*Exercise requirements*
In the lines below, find the one that contains "VTG Esso Tiger" and write it out exactly, along with every line that follows it.
*** Opening of Given records ***
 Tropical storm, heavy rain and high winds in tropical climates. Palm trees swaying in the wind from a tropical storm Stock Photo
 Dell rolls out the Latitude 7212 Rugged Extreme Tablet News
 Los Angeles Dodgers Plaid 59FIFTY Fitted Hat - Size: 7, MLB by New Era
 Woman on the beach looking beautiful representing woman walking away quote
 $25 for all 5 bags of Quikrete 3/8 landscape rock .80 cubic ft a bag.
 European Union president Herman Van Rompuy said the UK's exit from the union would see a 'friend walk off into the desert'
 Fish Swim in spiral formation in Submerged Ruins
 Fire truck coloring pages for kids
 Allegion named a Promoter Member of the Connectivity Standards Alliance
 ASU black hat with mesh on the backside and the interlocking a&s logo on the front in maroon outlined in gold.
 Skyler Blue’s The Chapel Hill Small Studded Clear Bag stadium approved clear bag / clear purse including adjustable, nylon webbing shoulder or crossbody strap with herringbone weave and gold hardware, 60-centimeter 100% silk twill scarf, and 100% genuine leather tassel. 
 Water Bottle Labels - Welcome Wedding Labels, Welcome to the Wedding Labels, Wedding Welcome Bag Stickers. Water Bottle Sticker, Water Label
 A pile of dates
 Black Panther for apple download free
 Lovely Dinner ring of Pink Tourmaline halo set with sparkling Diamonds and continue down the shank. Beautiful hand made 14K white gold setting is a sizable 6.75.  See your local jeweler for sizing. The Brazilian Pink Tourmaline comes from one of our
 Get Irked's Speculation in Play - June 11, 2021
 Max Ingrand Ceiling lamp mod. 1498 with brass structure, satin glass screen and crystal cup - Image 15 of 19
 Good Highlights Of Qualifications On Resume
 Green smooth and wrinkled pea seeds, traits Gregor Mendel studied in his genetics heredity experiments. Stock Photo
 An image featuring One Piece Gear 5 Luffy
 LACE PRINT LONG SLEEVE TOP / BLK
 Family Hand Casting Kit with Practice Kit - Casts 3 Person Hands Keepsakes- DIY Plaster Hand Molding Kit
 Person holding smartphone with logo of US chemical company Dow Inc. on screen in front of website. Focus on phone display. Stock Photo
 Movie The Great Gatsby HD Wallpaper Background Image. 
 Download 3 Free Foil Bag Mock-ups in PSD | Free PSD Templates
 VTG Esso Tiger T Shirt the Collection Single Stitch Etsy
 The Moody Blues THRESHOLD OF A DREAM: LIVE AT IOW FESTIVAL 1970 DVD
*** Close of Given records ***
*Task answer*
 VTG Esso Tiger T Shirt the Collection Single Stitch Etsy
 The Moody Blues THRESHOLD OF A DREAM: LIVE AT IOW FESTIVAL 1970 DVD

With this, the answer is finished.